A stroke is a serious potentially life-threatening medical condition that happens when the blood supply to part of the brain is cut off. Stroke is an important health problem due to its potential for high mortality and morbidity rates, as well as its prevalence in the population.
According to Heart Disease and Stroke Statistics-2023 Update: A Report From the American Heart Association;
– When considered separately from other CVDs, stroke ranks fifth among all causes of death, behind diseases of the heart, cancer, COVID-19, and unintentional injuries/accidents.
– An estimated 9.4 million Americans ≥20 years of age self-report having had a stroke (NHANES 2017–2020 data).
– Each year, ≈795 000 people experience a new or recurrent stroke. Approximately 610 000 of these are first attacks, and 185 000 are recurrent attacks.
– Projections show that by 2030 an additional 3.4 million US adults ≥18 years of age, representing 3.9% of the adult population, will have had a stroke, a 20.5% increase in prevalence from 2012.
– On average, every 3 minutes 17 seconds, someone died of a stroke.
– Approximately 67% of stroke deaths occurred outside of an acute care hospital.
– More females than males die of stroke each year because of the higher prevalence of elderly females compared with males. Females accounted for 56.5% of US stroke deaths in 2020.
Recognizing the symptoms and seeking immediate medical attention is crucial to increase the chances of survival and minimize long-term complications.
Even if a stroke is not fatal, it can cause significant disability and have a profound impact on a person’s quality of life. Survivors may experience paralysis, loss of muscle control, difficulty speaking or understanding speech, cognitive impairments, emotional disturbances, and other long-term disabilities. Stroke rehabilitation and post-stroke care are vital in minimizing the impact of these disabilities and promoting recovery.
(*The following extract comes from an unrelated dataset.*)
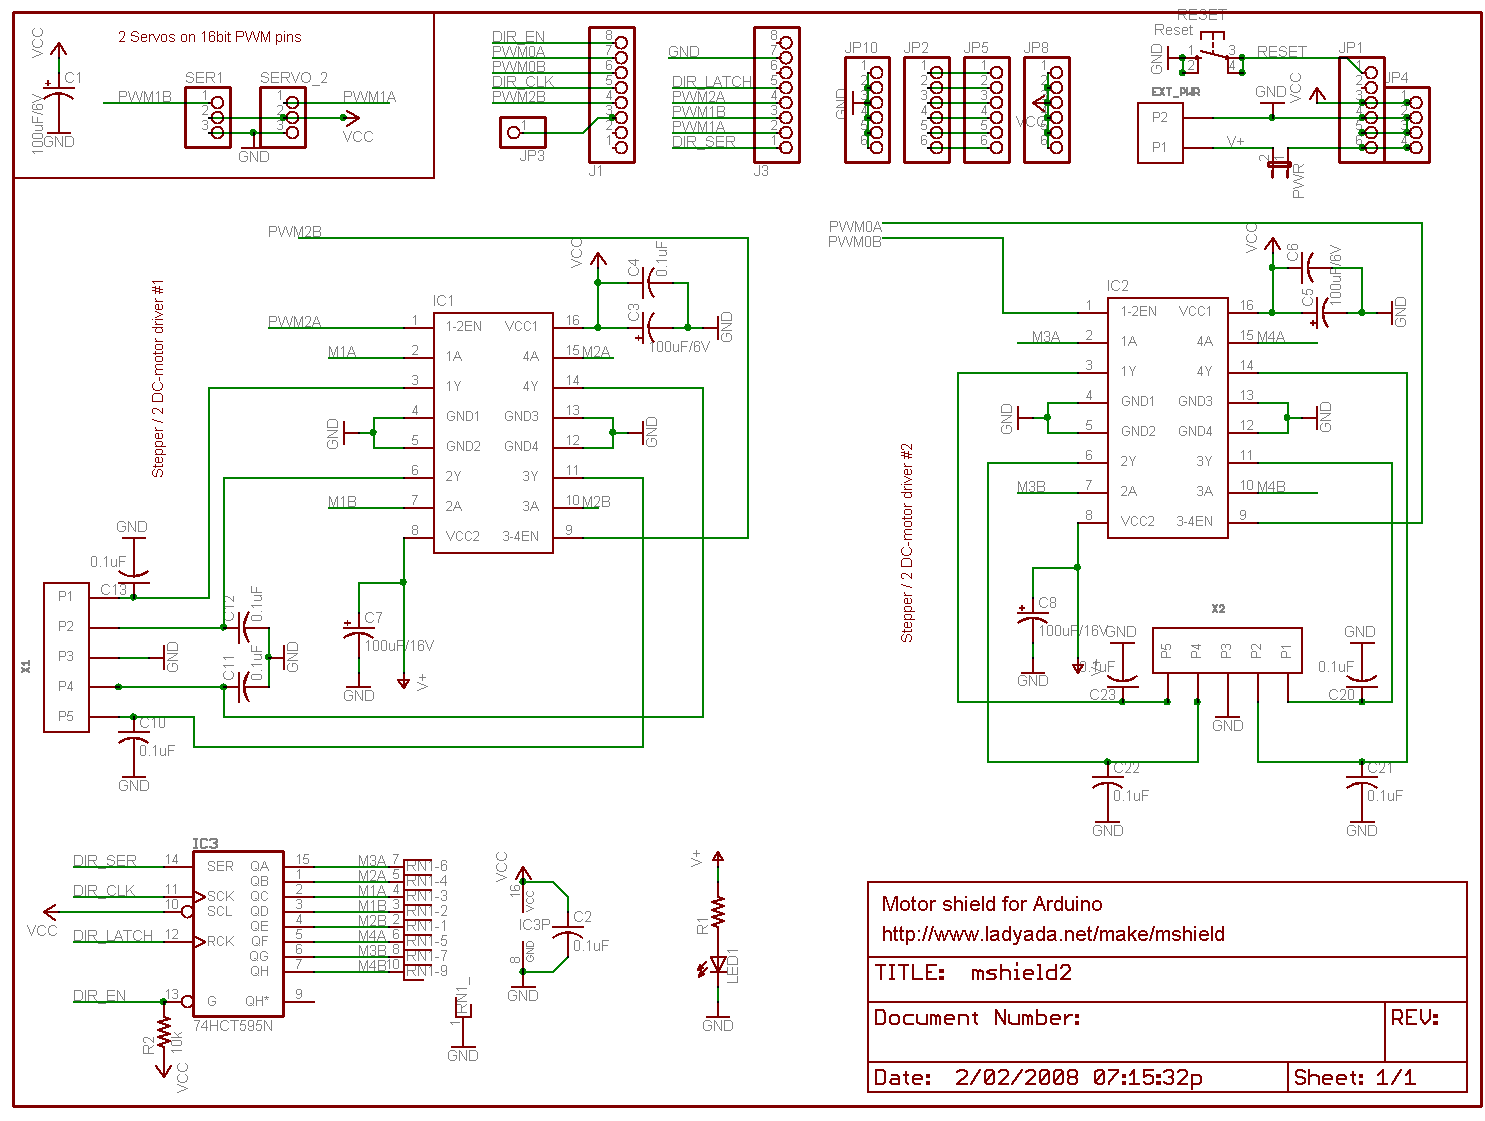 DIYmall GPRS/GPS SIM908 Module - AT Commands - Arduino

According to the World Health Organization (WHO), stroke is the second leading cause of death globally and a leading cause of disability. The incidence of stroke varies across countries and populations, but it affects millions of people each year. Certain risk factors, such as age, high blood pressure, smoking, diabetes, obesity, and unhealthy lifestyle choices, contribute to the increased prevalence of strokes.
Quickly recognizing if someone may be experiencing a stroke increases the potential for life-saving measures and prevents permanent damage. Therefore, it is essential to be aware of stroke symptoms.
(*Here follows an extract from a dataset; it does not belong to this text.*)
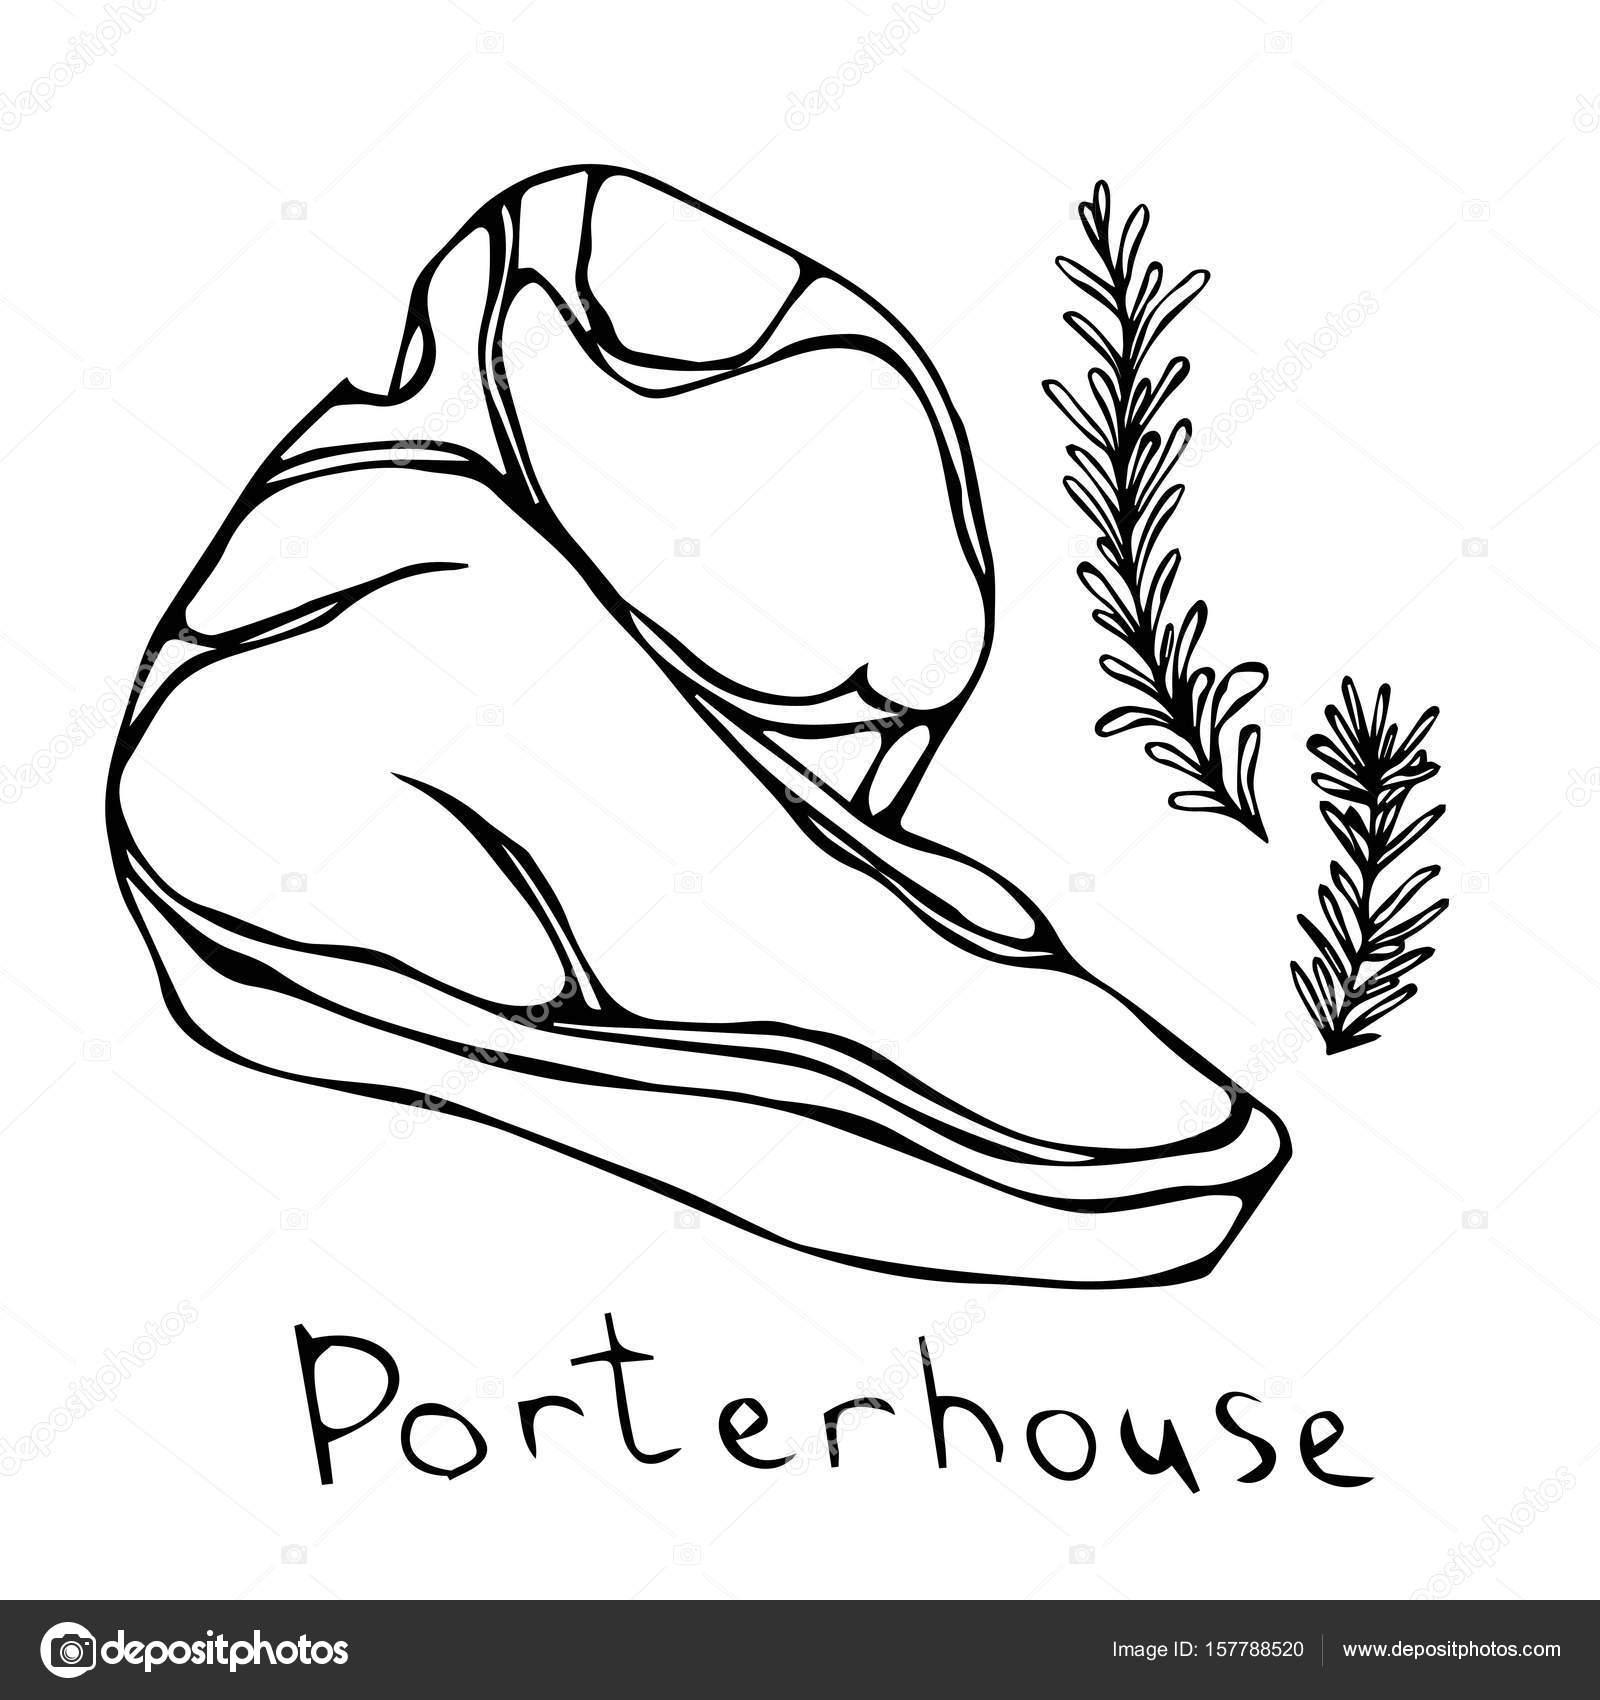 1600x1700 Porterhouse Steak Cut Vector Isolated On White Background. Outline

To help remember the steps for early diagnosis and fast response to a stroke, you can use the acronym “BE FAST.” Each letter stands for a critical action or symptom to look for when suspecting a stroke. Here’s what it stands for:
B – Balance: Sudden loss of balance or coordination.
E – Eyes: Sudden vision loss or double vision.
F – Face: Ask the person to smile. Look for drooping on one side of the face.
A – Arms: Ask the person to raise both arms. Look for weakness or drift in one arm.
S – Speech: Ask the person to repeat a simple phrase. Check for slurred or garbled speech.
T – Time: If you observe any of the above signs, it’s time to call emergency services immediately. Time is critical in stroke treatment.
Remember, these signs are not exhaustive, and other symptoms can also indicate a stroke. If you suspect someone is having a stroke, it’s essential to act quickly and seek immediate medical attention.
The sooner a person receives treatment for a stroke, the less damage is likely to happen. Now let’s take a closer look at the emergency treatment of stroke. The time-sensitive treatment for stroke is known as thrombolysis or clot-busting medication. The specific medication used is called tissue plasminogen activator (tPA). This treatment is most effective when administered within a specific time window after the onset of stroke symptoms.
The current recommended time window for thrombolysis is within 4.5 hours from the onset of symptoms. However, in some cases, it may be possible to administer thrombolytic therapy up to 9 hours after symptom onset under certain criteria and with careful evaluation.
It is crucial to emphasize that time is critical in stroke treatment. The sooner thrombolysis is initiated, the better the chances of successfully dissolving the clot and restoring blood flow to the affected part of the brain. Delaying treatment significantly reduces the effectiveness of thrombolytic therapy.
In addition to thrombolysis, there is another time-sensitive treatment called endovascular thrombectomy. This procedure involves physically removing the clot using specialized tools, typically performed by interventional radiologists or neurosurgeons. Endovascular thrombectomy is recommended for selected patients with large vessel occlusion strokes and can be performed within a specific time window, generally up to 6 hours or sometimes up to 24 hours, depending on individual patient factors.
These time windows and treatment options can vary depending on the specific guidelines and protocols in different healthcare settings. If you suspect someone is having a stroke, call emergency services immediately, as they will be able to assess the situation and provide the appropriate treatment in a timely manner.